My published articles are archived at iSteve.com -- Steve Sailer

The ominous logic of the Obama-Wright-Farrakhan fiasco

What’s worrisome about the publicity finally being directed toward Obama's spiritual advisor Rev. Dr. Jeremiah A. Wright, Jr. for his long ties with Minister Louis Farrakhan is this:

Farrakhan is radioactive not because he hates whites in general (which he does), but because he hates Jews in particular (which he also does).

So, how can Obama wash off the taint of Farrakhanism-by-Association?

I bet that, as I write this, a lot of our neocon / neolib friends are busy thinking up ways for Obama to prove he’s not an anti-Semite ... such as by hiring them as advisors and letting them take over his foreign policy. (All those Giuliani advisors who aren't getting paid right now might well like another horse to ride at this point.)

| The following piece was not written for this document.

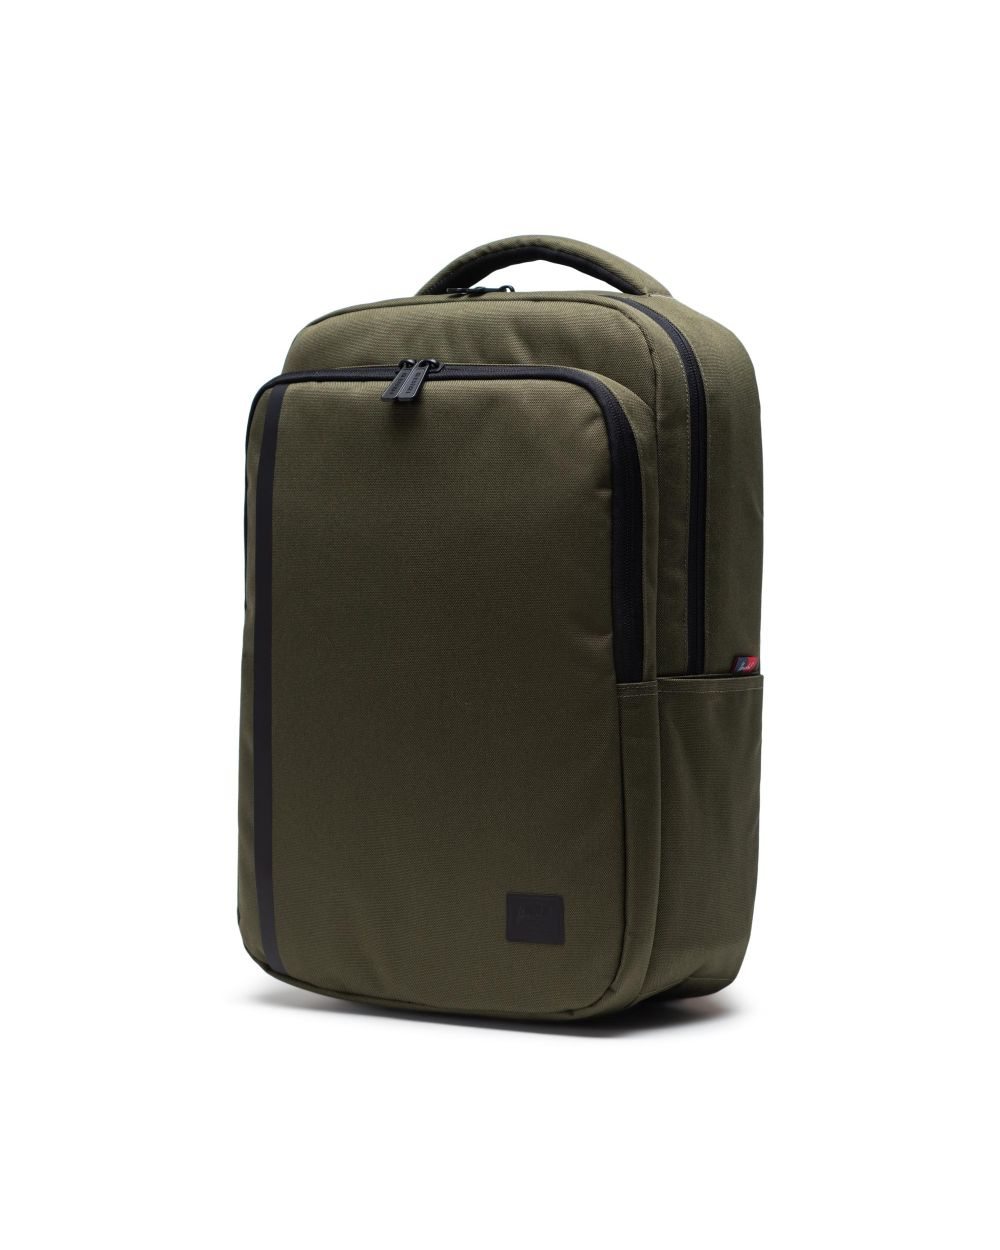 Herschel Tech Daypack, best laptop backpack

My published articles are archived at iSteve.com -- Steve Sailer

January 14, 2008

Obama's spiritual advisor gives Farrakhan his "lifetime achievement" award

Here's the Youtube video created last November to celebrate the awarding by Sen. Barack Obama's spiritual advisor since 1987, Rev. Dr. Jeremiah A. Wright, Jr., of his

Lifetime Achievement

Rev. Dr. Jeremiah A. Wright, Jr. Trumpeter Award

to

The Honorable Minister Louis Farrakhan


Last March in VDARE.com, I pointed out that Rev. Wright, whose sermon "The Audacity of Hope" provided the title of Obama's bestselling book, posed a massive headache for Obama's candidacy. It's not just Wright's radicalism and racialism, but his attention-aholic personality:

Obama now realizes he has to keep the Rev. Wright covered up, which is why the day before his nationally televised campaign kickoff in Springfield, Illinois, Obama rescinded his invitation to Wright to give the invocation. Wright, however, is a loose cannon. He explained to the New York Times why he was "disinvited":

"When [Obama's] enemies find out that in 1984 I went to Tripoli [in Libya]" to visit Col. Muammar el-Qaddafi, Mr. Wright recalled, "with [Black Muslim leader Louis] Farrakhan, a lot of his Jewish support will dry up quicker than a snowball in hell." [March 6, 2007 Disinvitation by Obama Is Criticized By Jodi Kantor]

Indeed.

Obama's "spiritual mentor" just won't shut up because the man of God is also a man of wrath. The New York Times article about his disinviting had largely disappeared down the memory hole. But then the Rev. Wright released a long, angry letter denouncing the Times for, well, for quoting him correctly.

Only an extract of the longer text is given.